Impacts of Vehicle Sharing with Driverless Cars on Urban Transport

  • Markus Friedrich
  • Maximilian HartlEmail author
  • Christoph Magg
Conference paper
Part of the Communications in Computer and Information Science book series (CCIS, volume 889)


Autonomous vehicles (=AV) enabling driverless transport may change the ways of traveling and traffic volumes dramatically. To estimate potential impacts of AV on traffic in an urban area nine scenarios are examined, varying the rate of carsharing, ridesharing and the availability of rail services. The number of required vehicles, vehicle kilometers and the necessary number of parking spaces quantify each scenario.

The study builds on an existing travel demand model of the Stuttgart Region. An algorithm extends this model for bundling person trips in ridesharing systems and by an algorithm for vehicle blocking. The results show that the size of the car fleet can be reduced considerably. The vehicle kilometers traveled in the network, can only be reduced in cases where most travelers use ridesharing instead of carsharing or privately owned cars. However, an increase of the car kilometers traveled is more likely and may lead to a lower quality of traffic flow.

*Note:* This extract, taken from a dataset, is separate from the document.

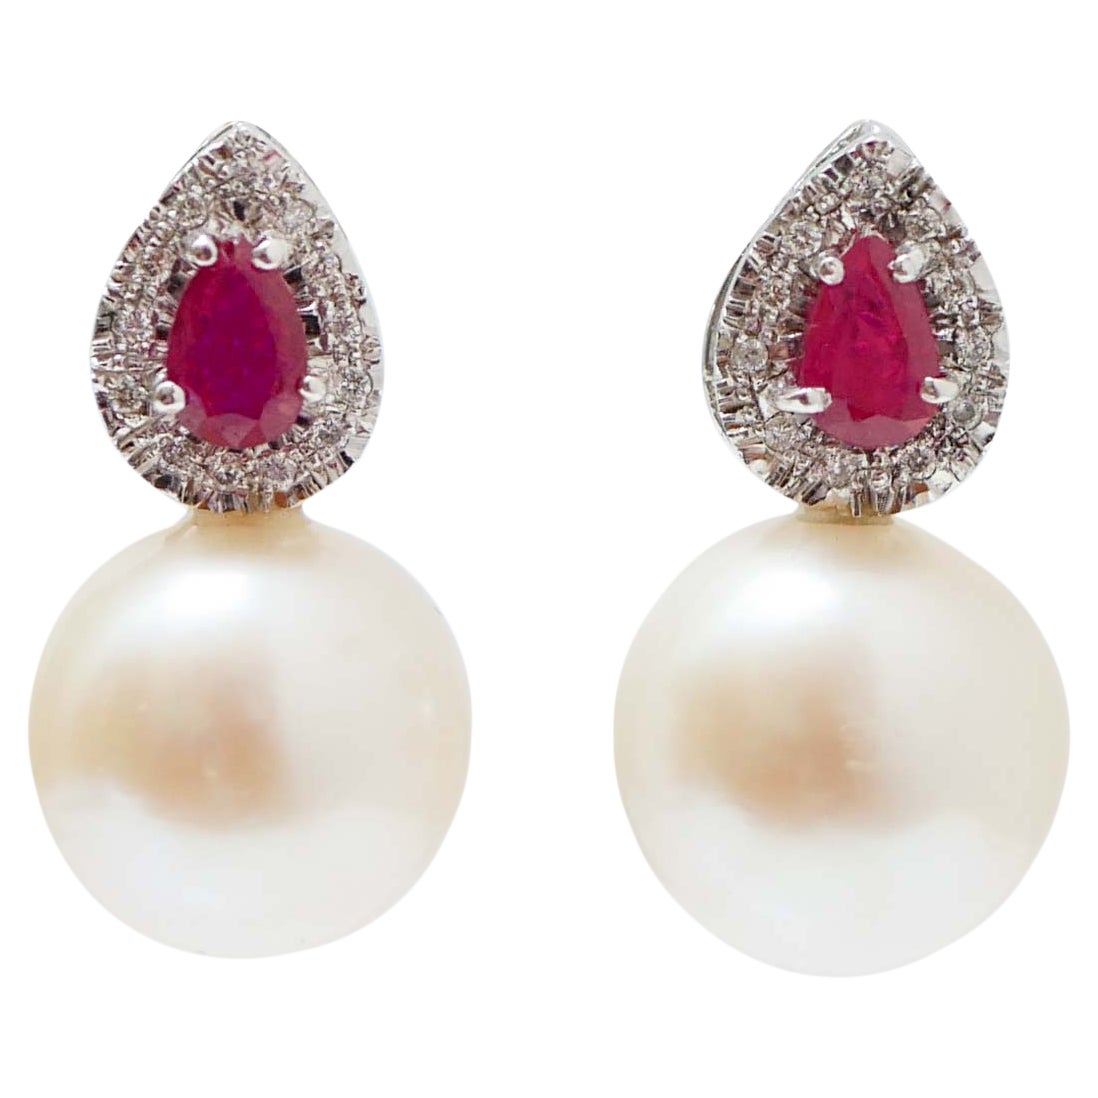 Boucles d'oreilles en platine, rubis, diamants et perles blanches

Autonomous vehicle Automated driving Self-driving car Carsharing Ridesharing Public transport 



The research project MEGAFON was financed by the Ministry for Transport of the Land Baden-Württemberg, the VDV (Association of German Transport Companies), the public transport operator SSB (Stuttgarter Straßenbahnen AG) and the transport association VVS (Verkehrs- und Tarifverbund Stuttgart). The Stuttgart Region (VRS) provided the database for the calculations.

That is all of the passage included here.